Sunday, June 5, 2022

Q&A with Judith Serin


 

 

Judith Serin is the author of Gravity, a new work of fiction that includes six short stories and a novella. Her other books include the poetry collection Hiding in the World. She teaches at California College of the Arts.

 

Q: What inspired you to write the stories and novella collected in Gravity?

 

A: I have always been a feminist; my parents were feminists, and I was brought up that way.

 

But I often found myself struggling with the traps that society sets for women: how we should act, look, and live, and most of all the images of romantic love that pervade our world and set up expectations that can never be fulfilled.

 

So the background of my writing these pieces was to examine and combat that.

 

But, more specifically, I was writing poems—I still am—and two things were happening: 1. I started writing longer pieces, series, and 2. I kept on getting women’s voices in my head.

 

So I wrote down what these voices, initially first person, were saying, and that led to writing short stories and, eventually, the novella.

 

Q: How was the book’s title—also the title of the novella—chosen, and what does it signify for you?

 

A: I choose titles, if they do not come to me in the beginning of writing the piece, from words or phrases within the pieces.

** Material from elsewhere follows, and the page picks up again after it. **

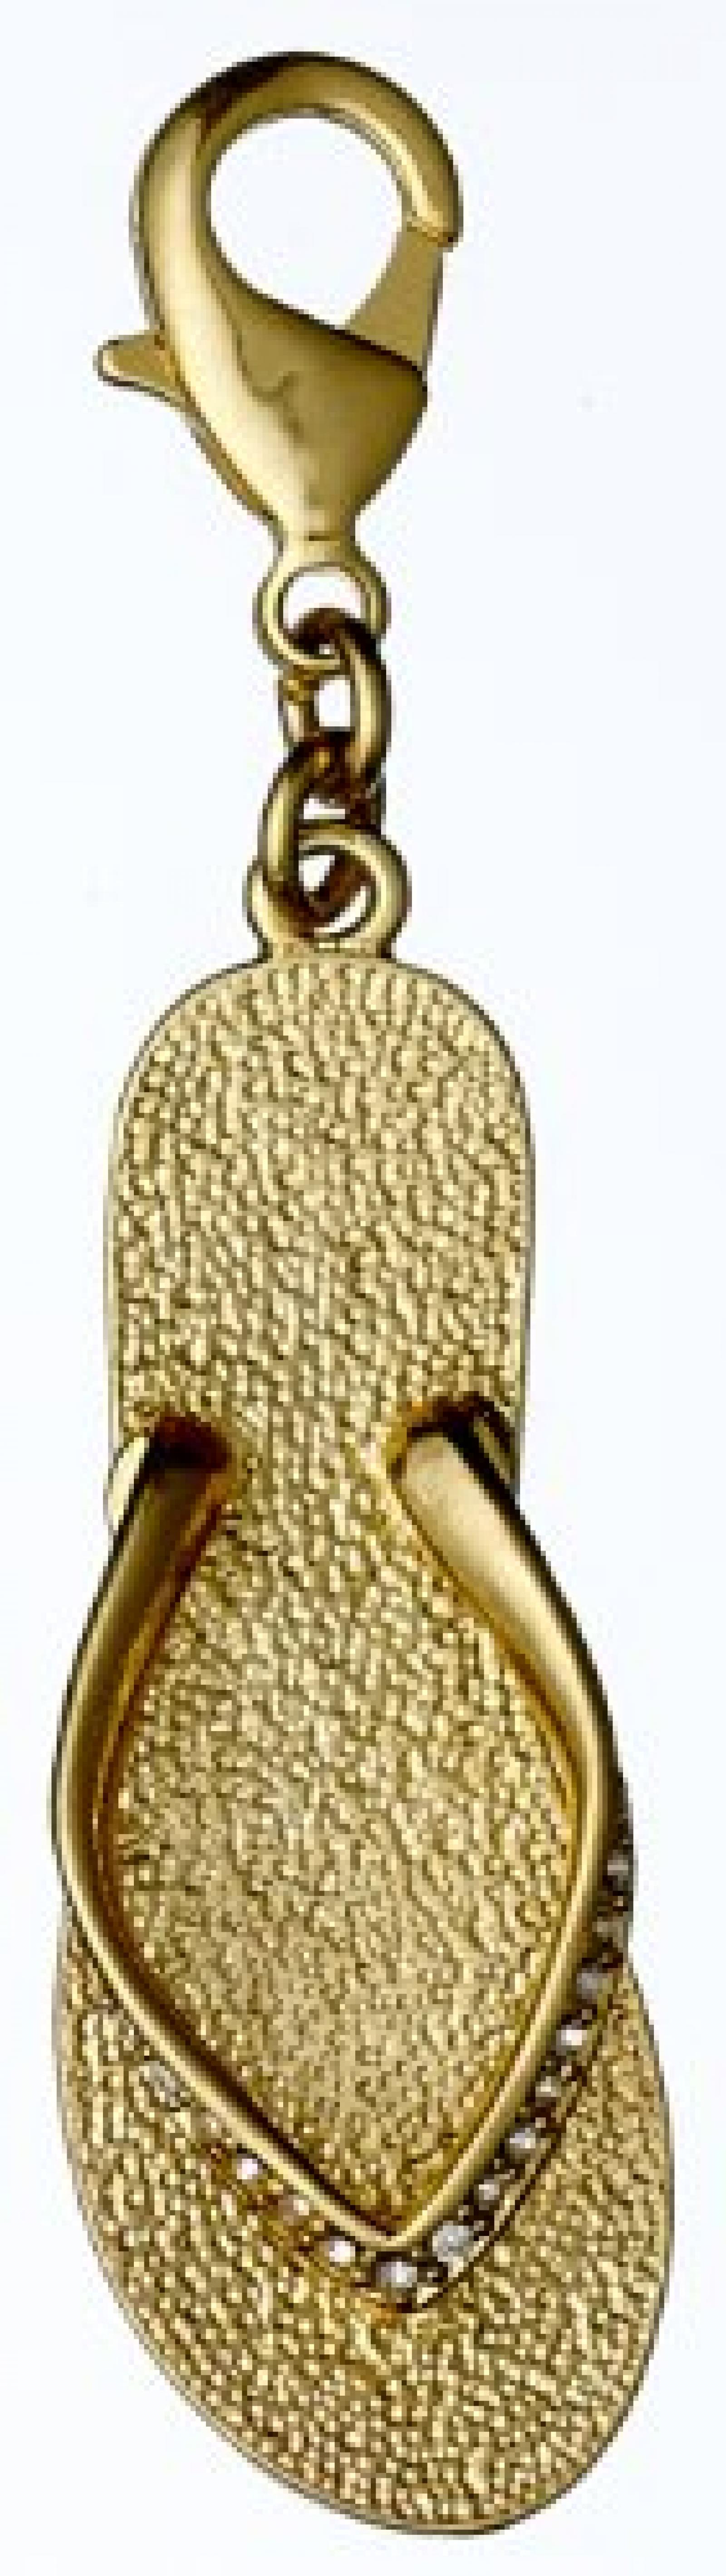 Pilgrim Jewelry Damen-Anhänger Messing aus der Serie Mega vergoldet,weiß 6 cm 411322002 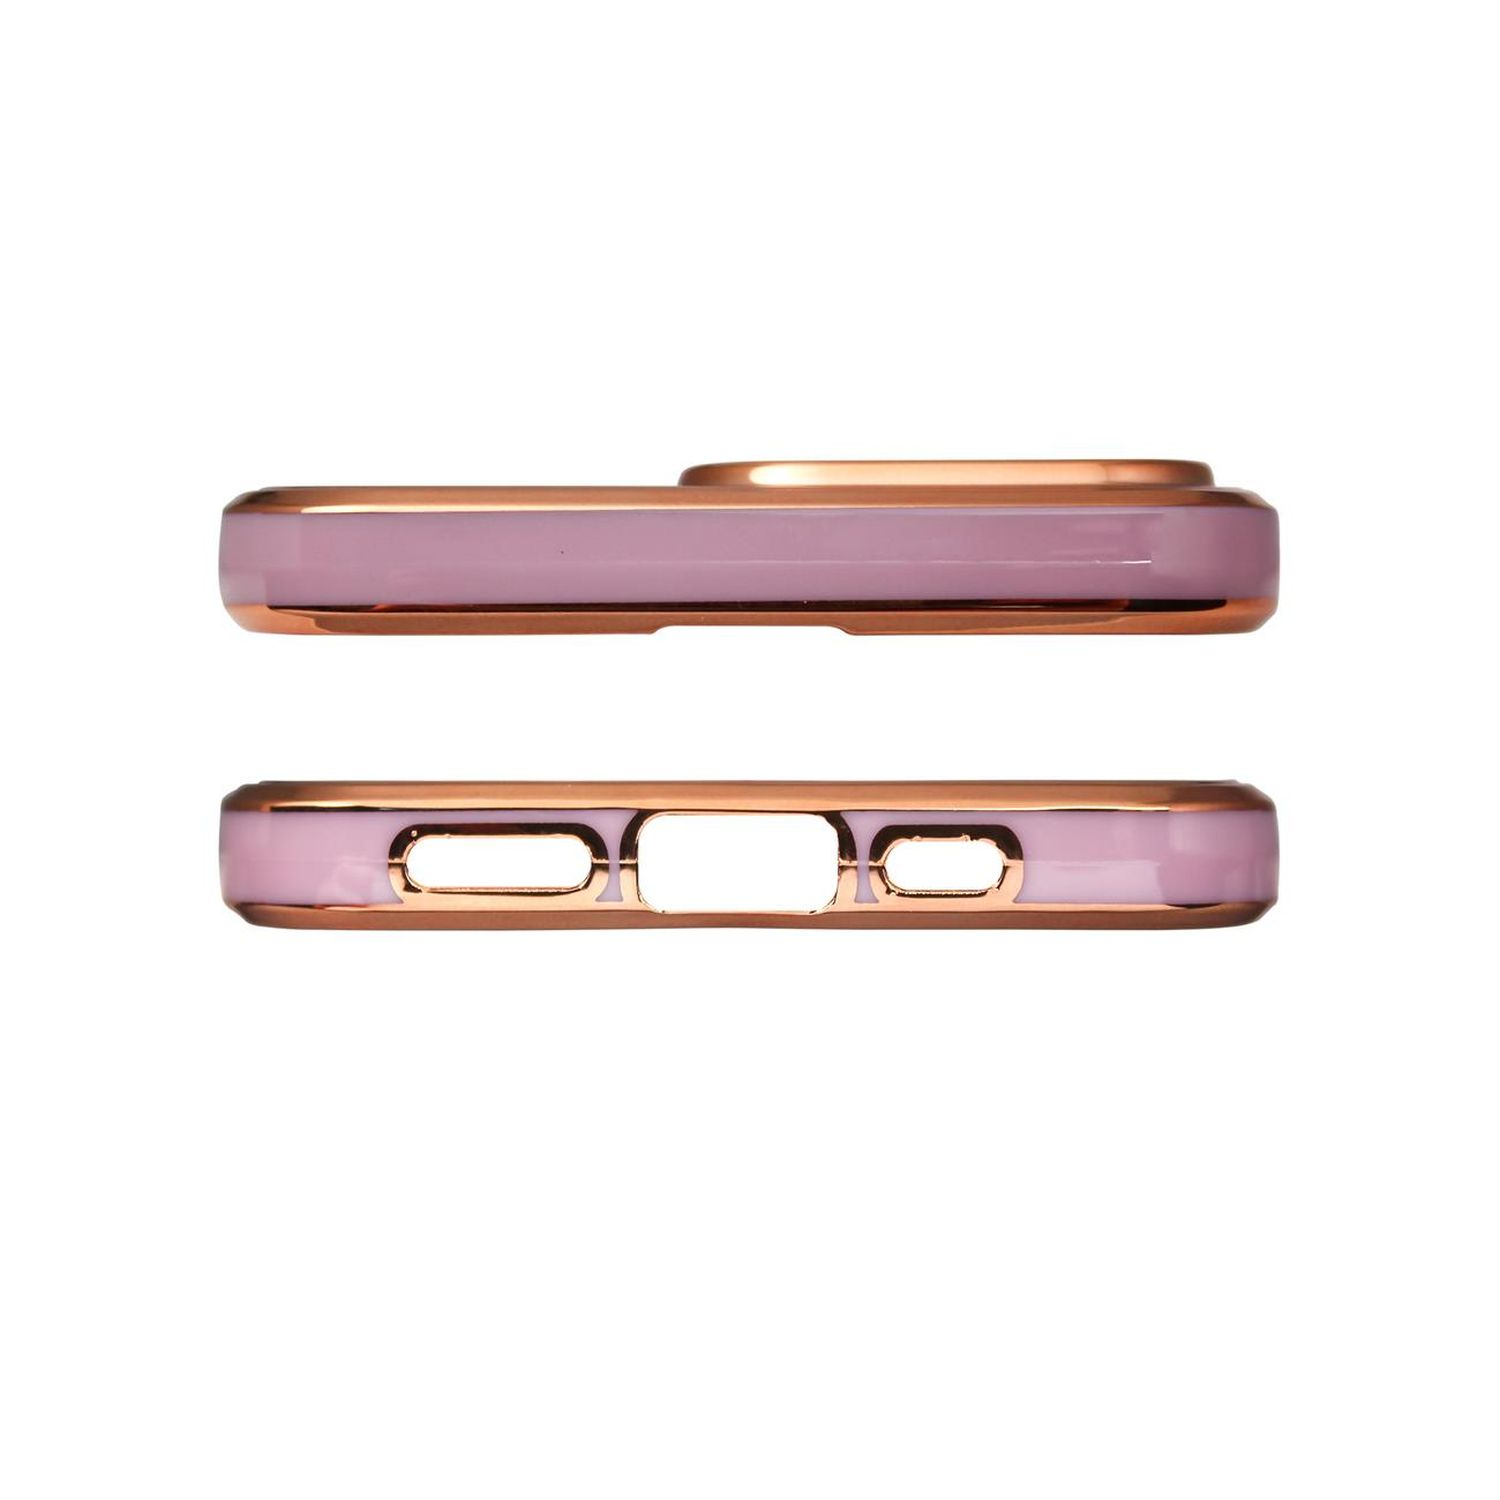 A13 Color Samsung, Galaxy Backcover, Lila-Gold 5G, COFI Case, Lighting

The phrase “feeling gravity pull her “appears near the beginning of the novella, and “gliding against gravity” appears near the end.

 

I liked Gravity as a title for the novella because there is so much about the characters going up and down--in elevators, in the sky--and also because it suggests the contrast between “down to earth” Suzanne and “in the clouds” Anne.

 

And to me, the novella is heart of the book, what the other stories lead up to.

 

Q: The writer Zack Rogow said of the book, “Serin finds the difficult truths in relationships between the sexes, words and feelings thought but never expressed.” What do you think of that description?

 

A: I very much appreciate Zack Rogow’s description of the book; it both feels right-on and is also an insight I wouldn’t have thought of myself.

 

I do hope that I am expressing these “difficult truths,” and my biggest hope is that my book will help other women to express them as well.

 

Q: What do you hope readers take away from the book?

 

A: I hope readers will laugh some, maybe cry a little, and that they will recognize parts of themselves.

 

And I want very much to contribute to a questioning of the stereotypical images of women, and to the work toward a freedom from them. I want to be part of the literature of women’s voices.

 

Q: What are you working on now?

 

A: One project I’m working on now is a collection of creative nonfiction short memoirs, called Family Stories, that looks at my family, the visual art that I love and that influenced me from a young age, my dreams, and images from my everyday life. 

 

I’m also working on a book of prose poems in series—some surreal and some playing with things that are important to me such as jazz divas and plants.

 

Q: Anything else we should know?

 

A: My website is www.judithserin.com and includes a link to my reading a story from Gravity that my publisher put on YouTube.

 

The novella Gravity was the most difficult piece I ever wrote because I think like a poet, not a novelist.

 

I am so grateful to the team at Eye Wear Publishing for appreciating it and putting it into print.

 

On July 20 I will read, with a surprise guest or two, at 7 p.m. at Bird & Beckett Bookstore, 653 Cherney St., San Francisco, Calif., 94131. Masks required.